Tim Koch: To Be A Pilgrim…

Richard Way in Friday Street, Henley-on-Thames

HTBS’s Tim Koch has revisited Henley-on-Thames. Here is his report:

Anyone who has been lucky enough to make a visit to Henley-on-Thames during the Henley Royal Regatta will know what a delightful experience this is. For those who missed it, a video of the HTBS visit to last year’s ‘Royal’ is here.

However, a trip to this lovely English town is worthwhile at any time, not just for five days in June and July.

Leander Club

For those interested in rowing there are five places in Henley that merit a ‘pilgrimage’. Sited on opposite sides of Henley Bridge are two of them, Leander Club and Regatta Headquarters. I always have the idea that they are guarding the entrance to the sacred waters of the regatta course. Unfortunately, neither is open to the general public but you may catch a glimpse of some of the stars of British rowing (past and present) going about their business.

Henley Royal Regatta Headquarters

For anyone who normally attends the regatta, walking the famous 1 mile 550 yard (2,112 metres) course from the bridge via Remenham Village to Temple Island is a strange experience. Where, for a few days in the summer there is elegant chaos, you find only open fields. Further, not a single drink of Pimm’s is to be had. For this, continue on past the regatta start to the Flower Pot, the archetypal English country pub.
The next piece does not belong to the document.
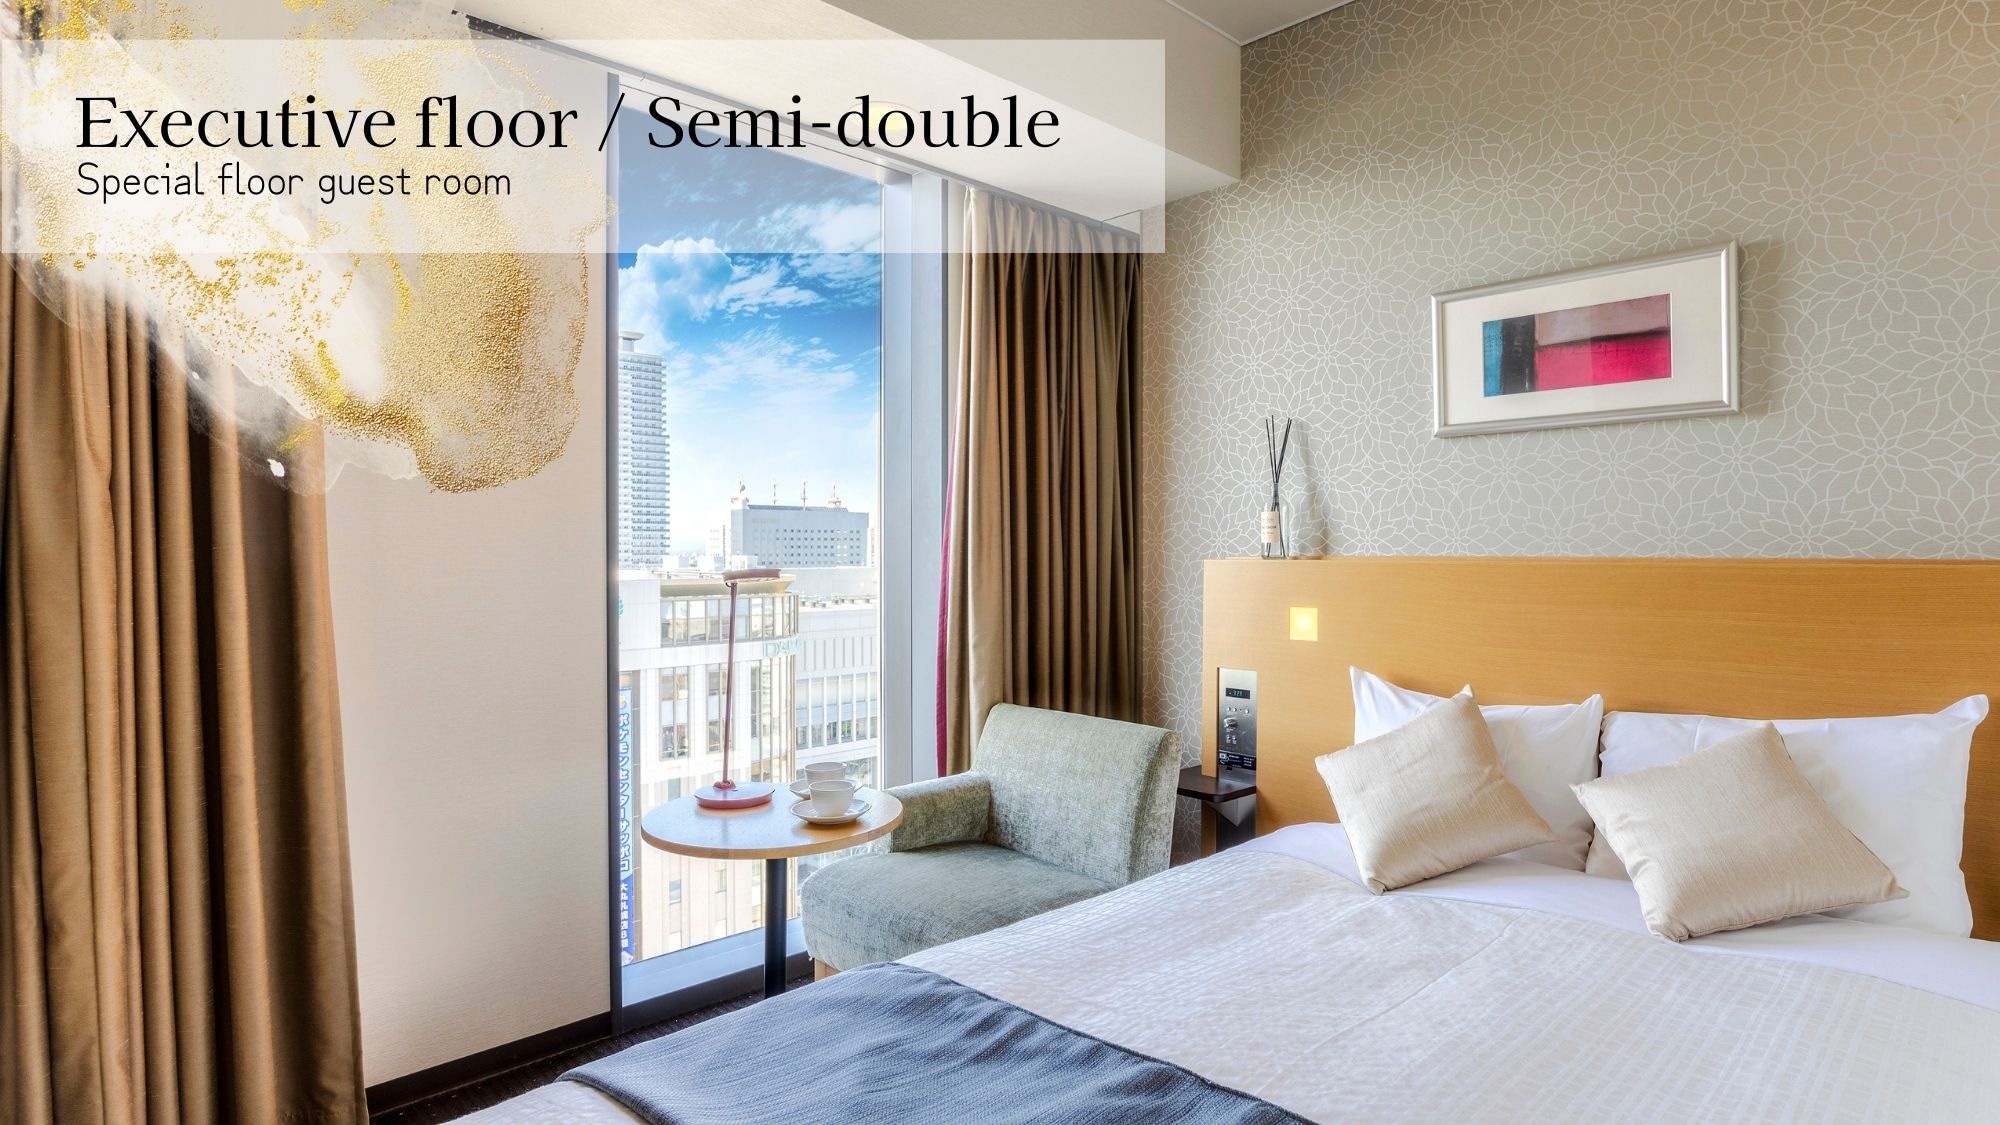 [Lantai eksekutif di lantai atas] Semi-double/15 meter persegi: 1 double (lebar 140cm), unit kamar mandi

The entrance to the River & Rowing Museum.

A visit to the River and Rowing Museum is an obvious choice for the remigiumophile*. The permanent exhibits and the temporary exhibitions cover not only the history of rowing but also the town of Henley and of the river in all its aspects. It also caters for children, notably with its ‘Wind in the Willows’ attraction. The award winning building is set in lush riverside meadows and, if you wish to make your visit truly memorable, it is licensed for wedding ceremonies. A full review of the Museum will appear on HTBS in the coming months.

The final place of pilgrimage in Henley for those interested in rowing is Way’s Rare and Second Hand Bookshop in Friday Street. This delightful little shop sells general antiquarian and second hand books but also has a rowing section containing everything from leather bound Victorian tomes on ‘aquatics’ to the most recent paperback on high performance sculling. They sometimes have rowing prints and ephemera but the rowing memorabilia which decorates the shop is, unfortunately, not for sale. At this point I would usually put in a link to their website, but, to complete the slightly Dickensian air, they do not have one. If you put ‘Way’s Bookshop’ into a search engine, the best you will do is find some complementary user reviews. This is typical:

‘This is a beautiful tucked away antique and second hand bookshop. It is so full of books that it can be a bit hard to know where to start, but the owner is lovely and extremely helpful, should you want something specific…’

While I agree with these comments about Diana, one of the owners, she is also very modest and I have failed several times over the years to persuade her to give me an interview – until now.

In an age of obtaining books from the Internet and from large high street chains (a subject that HTBS has covered before) an independent bookshop in a small country town seems to be an anachronism. This was not the situation in 1977 when Richard Way and Diana Cook bought the shop. The previous owner had a small selection of books of interest to some visitors to the regatta but Diana and Richard started to build up this part of their trade, initially selling older books but eventually also stocking new publications. Richard was a wooden boat builder and so already had some knowledge of rowing and the river but for Diana it was to be the start of having to become something of an expert on rowing and its history.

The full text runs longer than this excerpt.